Protein C-Mangel und Protein S-Mangel

Ein Mangel an einem dieser Gerinnungsinhibitoren kann sowohl angeboren als auch erworben sein. Pathogene Mutationen in einem dieser beiden Gene führen in heterozygotem Zustand zu einem 5-10fach erhöhten Thromboserisiko. Man beobachtet auch Homozygotie bzw. gemischte Heterozygotie. Dabei ist die Thromboseneigung extrem hoch. Es kommt zu Krankheitsbildern wie der neonatalen Purpura fulminans oder der kumarininduzierten Hautnekrose. Der Zeitpunkt der Erstmanifestation liegt oft vor dem 40. Lebensjahr. Gelegentlich sind untypische Gefäßregionen betroffen wie zerebrale Sinusvenen, abdominelle Venen und Armvenen.

Antithrombin III-Mangel

Dem Antithrombin III-Mangel liegt ein Defekt eines Gerinnungsinhibitors zu Grunde. Hierbei führen pathogene Mutationen in SERPINC1 im heterozygoten Zustand zu einem 5-20fach erhöhten Thromboserisiko. Auch hier findet man frühe Erstmanifestation und es sind untypische Gefäßregionen von der Thrombose betroffen.

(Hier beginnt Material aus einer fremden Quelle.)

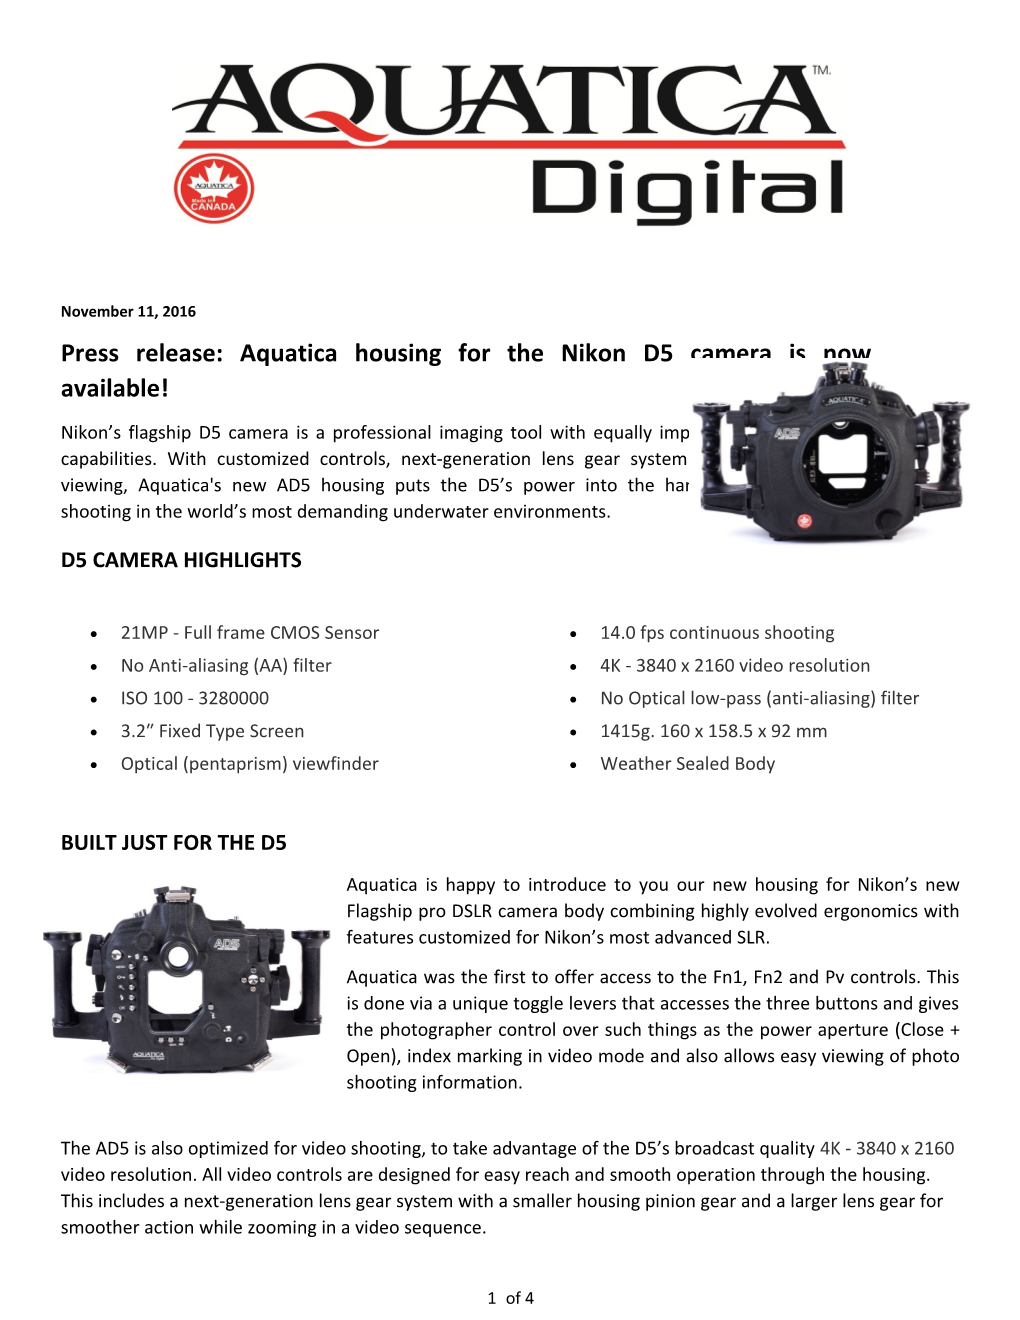 Press Release: Aquatica Housing for the Nikon D5 Camera Is Now Available!

Faktor V-Leiden (APC-Resistenz)

Diese Erkrankung beruht auf pathogenen Mutationen im F5-Gen, die zu einer erhöhten Widerstandsfähigkeit des Gerinnungsfaktors V gegenüber dem aktivierten Protein C führt, was eine gerinnungsfördernde Wirkung hat. Betroffene haben ein 5-8fach erhöhtes Thromboserisiko. Die häufigste Ursache ist die Faktor-V-Leiden Mutation c.1691G>A. Der Erbgang ist autosomal-dominant. Bei Mutationsträgern handelt es sich in 60% der Fälle um Thrombosen in den tiefen Beinvenen, in 30% um solche in den Beckenvenen. Aber auch oberflächliche Venenthrombosen treten auf. Viele der bekannten exogenen Risikofaktoren erhöhen zusammen mit der Leiden-Mutation das Thrombose-, aber auch das Herzinfarkt- und Schlaganfallrisiko. Die Einnahme von oralen Antikonzeptiva führt sogar zu einem 35fach erhöhten Risiko für tiefe Beinvenenthrombosen.

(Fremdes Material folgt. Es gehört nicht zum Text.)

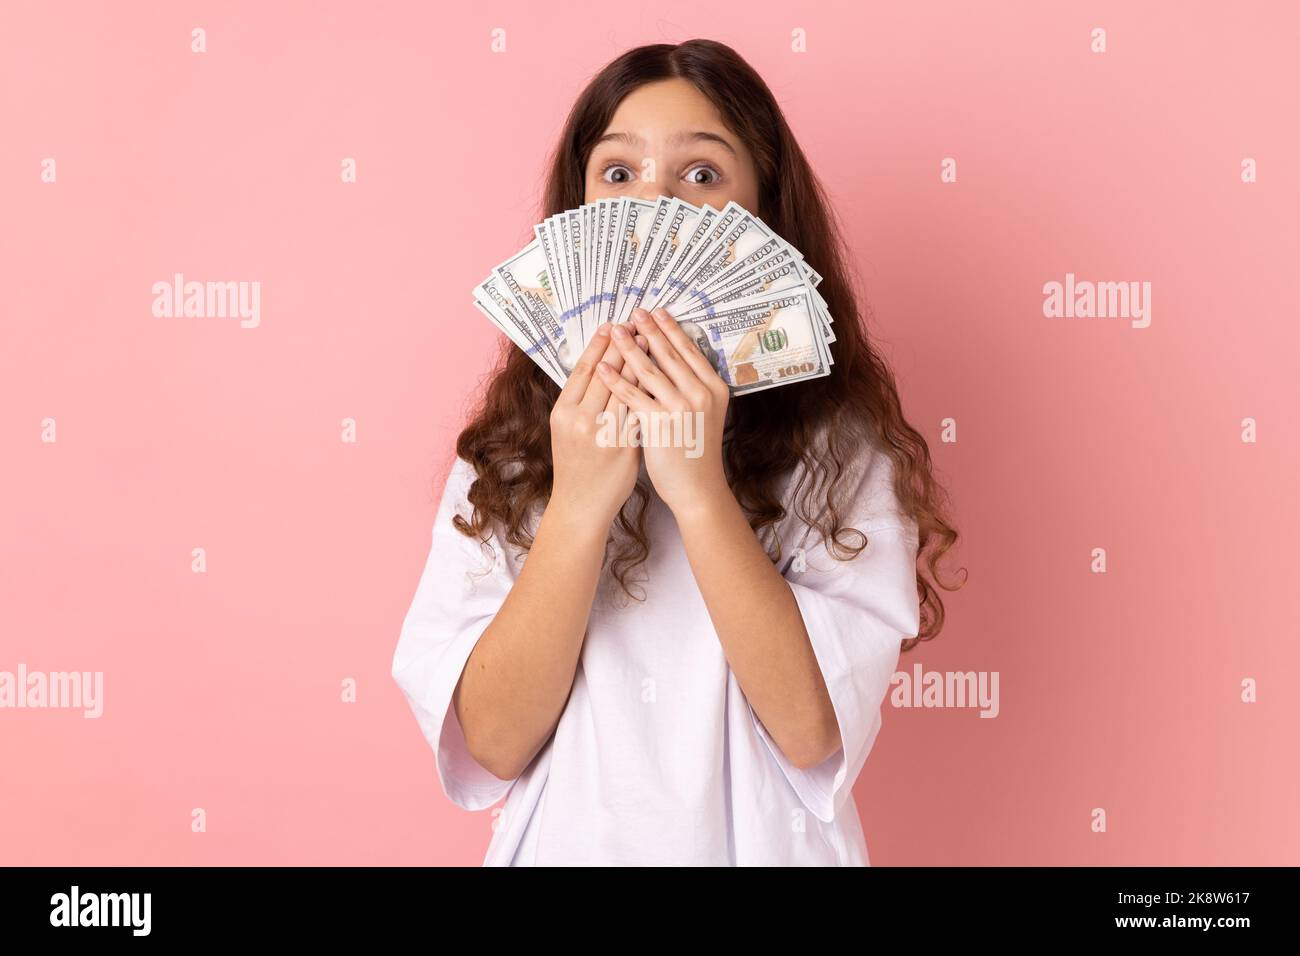 Portrait of surprised little girl wearing white T-shirt covering half of face with big fan of dollar banknotes, looking at camera with big eyes. Indoor studio shot isolated on pink background. Stock Photo

Wegen der hohen Frequenz des Gendefektes findet man regelmäßig Patienten, die die Mutation homozygot aufweisen. Inzwischen sind auch andere Mutationen bekannt, die zu APC-Resistenz führen (z.B. Faktor V-Cambridge).

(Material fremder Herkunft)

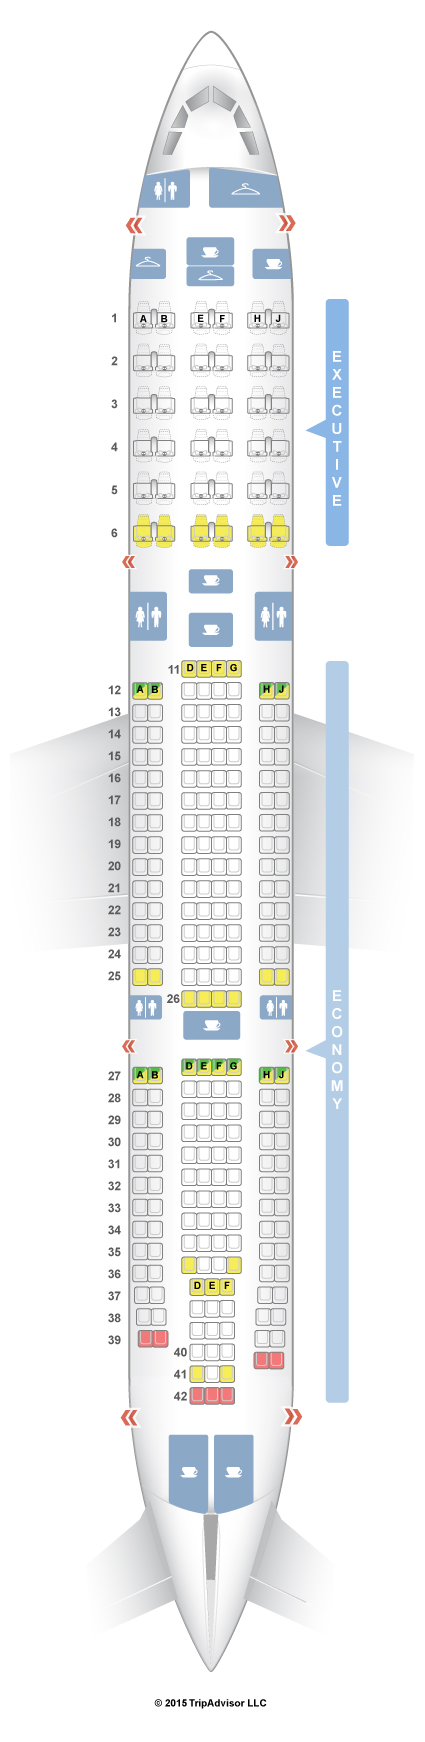 Airbus A340 Seating Chart Hifly

Prothrombinmutation G20210A

Prothrombin ist ein Gerinnungsfaktor. Die Mutation g.G20210A im F2-Gen führt zu einer vermehrten Prothrombin-Aktivität im Blut. Dadurch kommt es zu einem 3-5fach erhöhten Thromboserisiko.

Indikation

• Manifestation der Thrombose vor dem 45. Lebensjahr
• Rezidivierende Thrombosen
• Familiäre Häufung
• Ungewöhnliche Lokalisation der Thrombose
• Idiophatische Thrombosen
• Molekulargenetische Diagnostik

Bei den Erkrankungen Protein C-, Protein S- und Antithrombin III-Mangel wird jeweils das entsprechende Gen sowie die Intron-Exon-Bereiche (mindestens 20bp) komplett sequenziert. Zusätzlich wird mittels MLPA-Analyse das Vorkommen von Deletionen und Insertionen untersucht.
In den Genen F2 und F5 wird lediglich das Vorliegen der genannten Mutation mittels Sequenzierung überprüft.